不仅如此,大堂主要让善仁堂对外开放,广收疑难杂症和条件贫苦的病人的这件事情也在短短时间内就被散播出去。
只是几天的时间,许许多多从华国各地来的病人全都涌入帝都,前来善仁堂求医。
还有不少曾受过大堂主救命之恩的人自发前往帝都香火最旺盛的庙宇为大堂主祈福。
一样又一样的礼品被送进善仁堂里,虽然这些东西都被原路送回,但还是抵挡不住那些求医之人的感恩之心。
这件事情引起的动静极大。
不过苏慈意并没有参加这次的义诊。
她近期要处理的事情太多,所以只是指派了一些人守在善仁堂周边,必要的时候会帮着维护善仁堂的秩序,保护好善仁堂里医师的安全,避免引起骚乱。
容&意集团的最顶楼。
苏慈意站在大大的落地窗前,捧着一杯热咖啡,漠然地望着窗外飘飞的落雪。
不一会儿,“叩叩”的敲门声传来。
“进来。”
门被推开,伊玫瑰走了进来。
“意姐,我来了。”
苏慈意转过身来,端着咖啡喝了一口,示意伊玫瑰在沙发上坐下。
几天不见,伊玫瑰的身形倒是消瘦了几分。
“许泱泱那边最近怎么样?”苏慈意也落了座,直奔主题。
伊玫瑰的脸上闪过一丝不宜察觉的迟疑。
好一会儿,她才说:“我试探过许泱泱,暂时没有发现什么蛛丝马迹。
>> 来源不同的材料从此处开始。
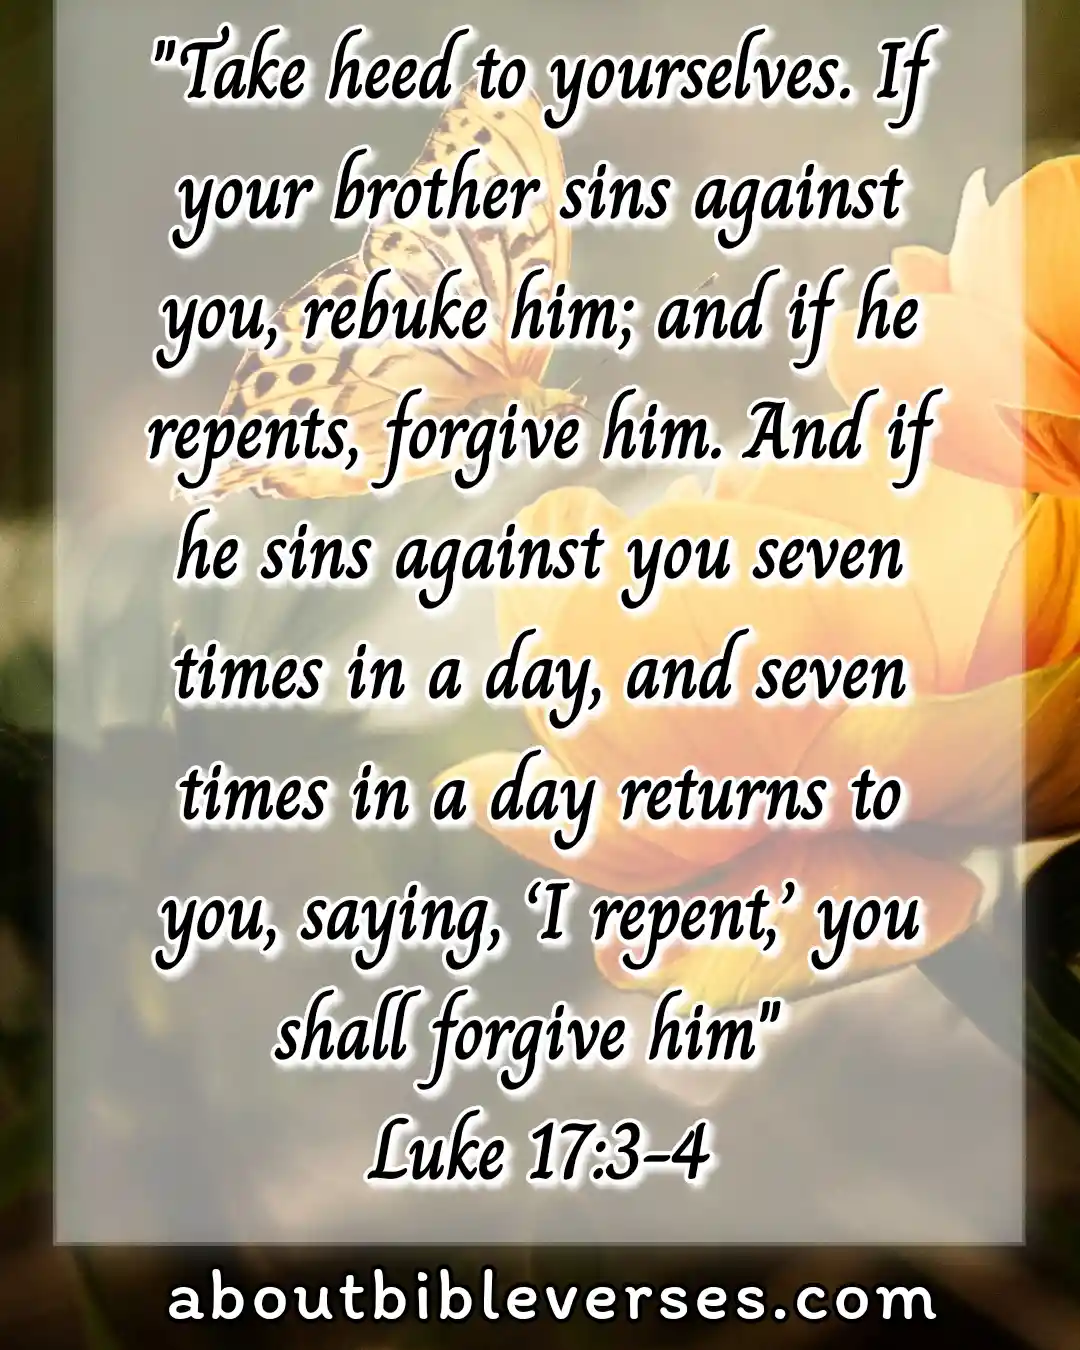 Bible Verses About Forgiving Others Who Hurt You (Luke 17:3-4)

”
“是吗?”
苏慈意声音清清冷冷的,一双微凉的杏眸凝视着伊玫瑰。
明明是没什么情绪的眼神,但却莫名有一种能看破一切虚妄的锐利感。
伊玫瑰顿时低下了头。
她咬住下唇,一股名为羞愧的情绪从脚底往上涌。
“对不起,意姐。”
苏慈意眸光意味深长,拖长了语调,“对不起什么?”
伊玫瑰沉默了半秒,到底还是说道:“我和许泱泱经过这些时间的相处,还是觉得她只是一个没有城府的单纯女孩儿……”
“意姐,有没有一种可能,许泱泱她真的是无辜的呢?”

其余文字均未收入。